Мы поступили на отделение структурной и прикладной лингвистики (ОСиПЛ) филологического факультета МГУ в 1975 году. Это был чудный новый мир, не похожий ни на то, что было до, ни на то, что происходило вокруг в это же время. ОСиПЛ состоял из огромного количества дихотомий и антиномий, на усвоение которых уходило в среднем от шести до восьми лет, что было проверено на собственном опыте: один из авторов проучился на ОСиПЛе шесть, а другой — восемь лет.
Жизнь осипловцев определялась не только учебой как таковой, но и несколькими ключевыми — осиплообразующими — мероприятиями: олимпиадой для школьников и лингвистическими экспедициями. В подготовке олимпиады и в экспедициях участвовали самые активные, самые умные, в общем, самые-самые студенты разных курсов вместе с аспирантами и преподавателями. Так формировался центр осипловского сообщества и осипловского пространства. Были еще и подмосковные походы, в которые ходили лингвисты Москвы. Получить приглашение в такой поход было для студента большой честью, и большой радостью было идти в составе растянувшейся на несколько километров цепочке лингвистов с небольшими уплотнениями вокруг самых великих…

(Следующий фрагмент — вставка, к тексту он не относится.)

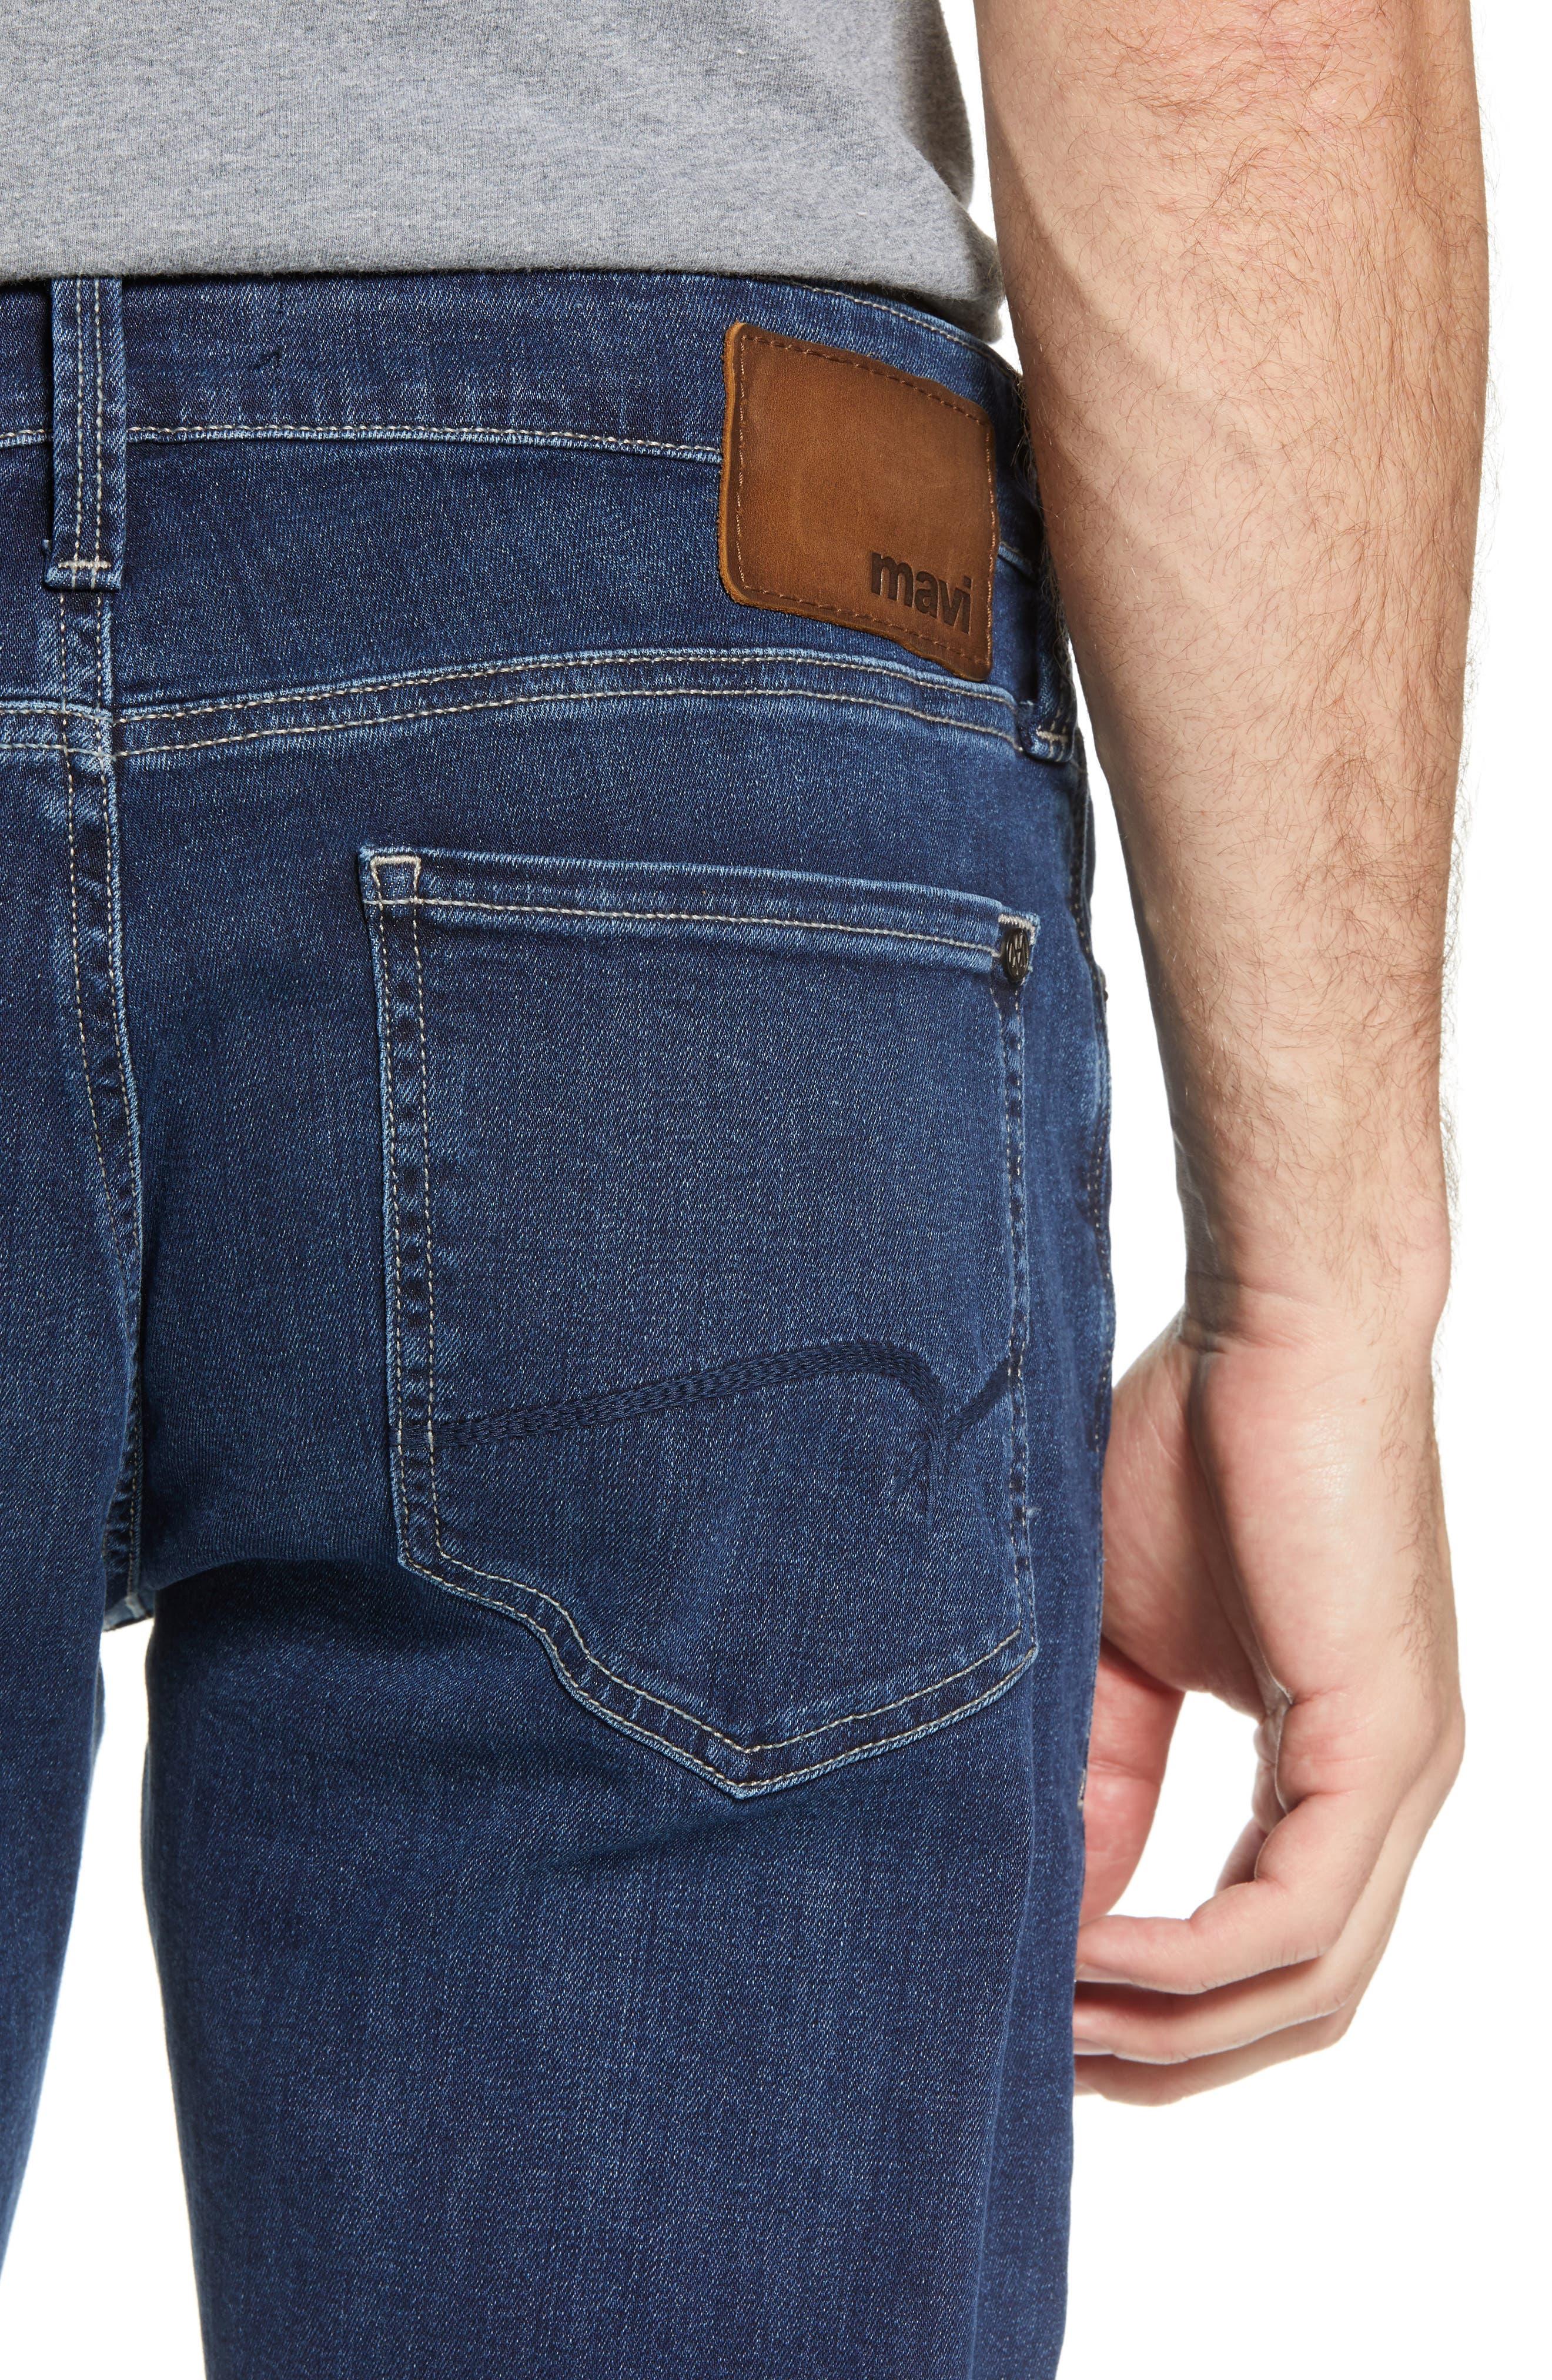 Zach Straight Leg Jeans,                             Alternate thumbnail 4, color,                             Dark Blue Williamsburg

Осипловцы всегда стремились выделить черты, присущие именно им, то есть решительно отграничить себя от внешнего мира. Например, была популярна мысль о том, что настоящий осипловец всегда добивается успеха1, хотя и не обязательно в лингвистике: настоящий осипловец будет лучшим дворником, поваром и т.д., если судьба командирует его в эти области. В качестве примера обычно приводился только режиссер Лунгин, что, впрочем, не мешало всем радостно с этой мыслью соглашаться.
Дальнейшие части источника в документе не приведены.